The following circumstances revealed by the above facts and the following: ① the date of payment and the amount claimed by the Plaintiff and the date and amount of issuance of the tax invoice of this case are inconsistent; ② the Plaintiff asserts that the Plaintiff transferred the transaction amount to △△△△△△△△△△△△, etc. in addition to the account in the name of △△, in addition to the △△△ in this court, using the account in the name of △△, the Plaintiff did not specify the amount of the tax invoice of this case in accordance with the rule of experience; ③ publicCC only worked in IMT during the period from 2001 to 2007, and it did not have worked in the △△△△△△, the representative of the Plaintiff was the actual representative of the △△△△△, and the Plaintiff was accused to the prosecution with the suspicion of issuing the processed tax invoice of this case; and ② there was no other evidence to prove that the Plaintiff was not able to submit any data to obtain the above contradictory points, and there is no other evidence to reverse the tax invoice of this case in light of the empirical rule.

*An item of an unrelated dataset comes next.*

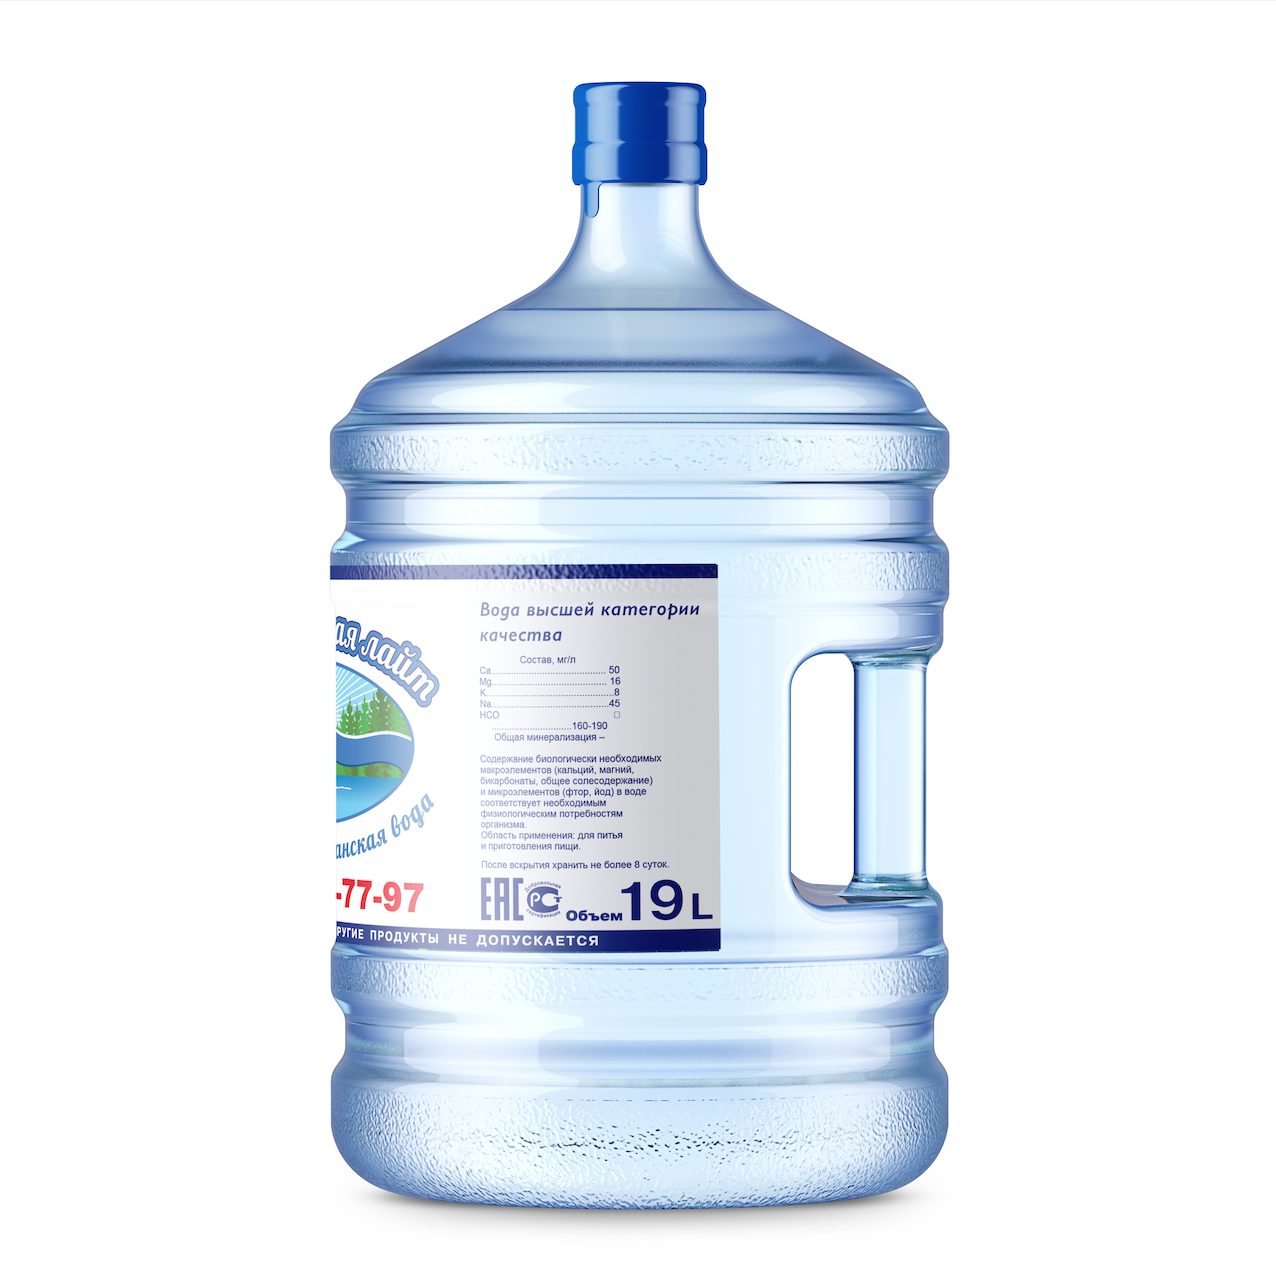 Вода пилигрим 19 литров. Вода питьевая 19л Подольск. Вода 19 литров. Вода питьевая Лазурная 19л. Вода "Пилигрим" 19л.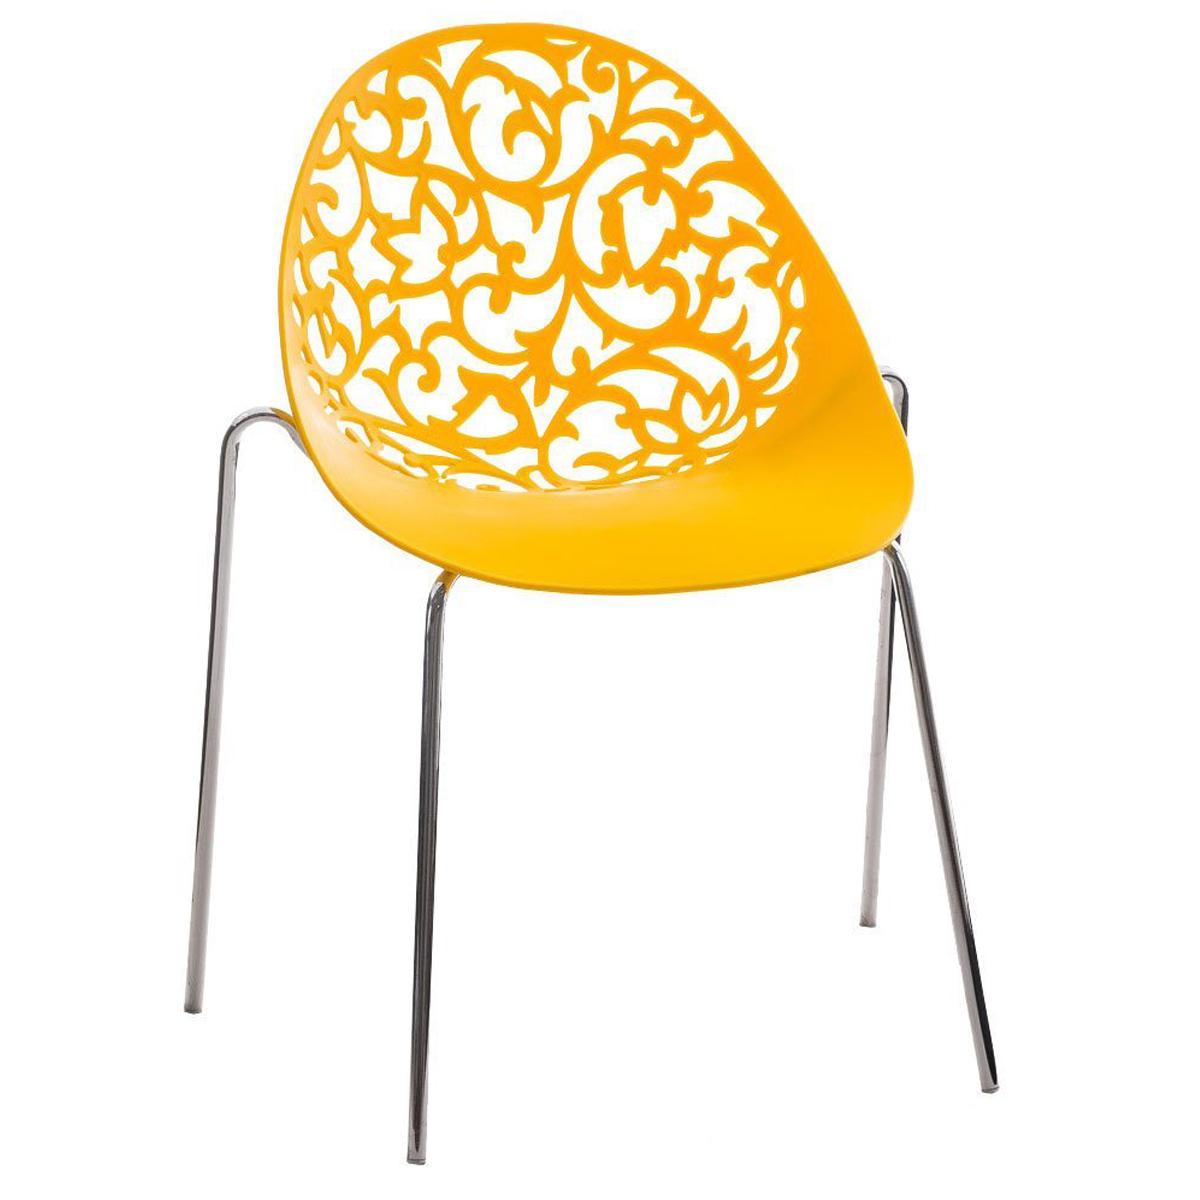 Cadeira de Visita DENALI, Empilhável, Estrutura Metálica, Em Cor Amarelo

Therefore, the supply value under the tax invoice of this case cannot be deducted from the Plaintiff’s input tax amount for the first time in 2006, and can not be included in the deductible expenses in calculating the tax base for corporate tax in 2006, barring special circumstances. Accordingly, the Defendant disposed of the representative bonus equivalent to the value (whether to specify an individual to whom income belongs is not the issue of this case, but must be determined in other procedures). The Plaintiff’s assertion is without merit.
4. Conclusion
Thus, the plaintiff's claim of this case is dismissed as it is without merit.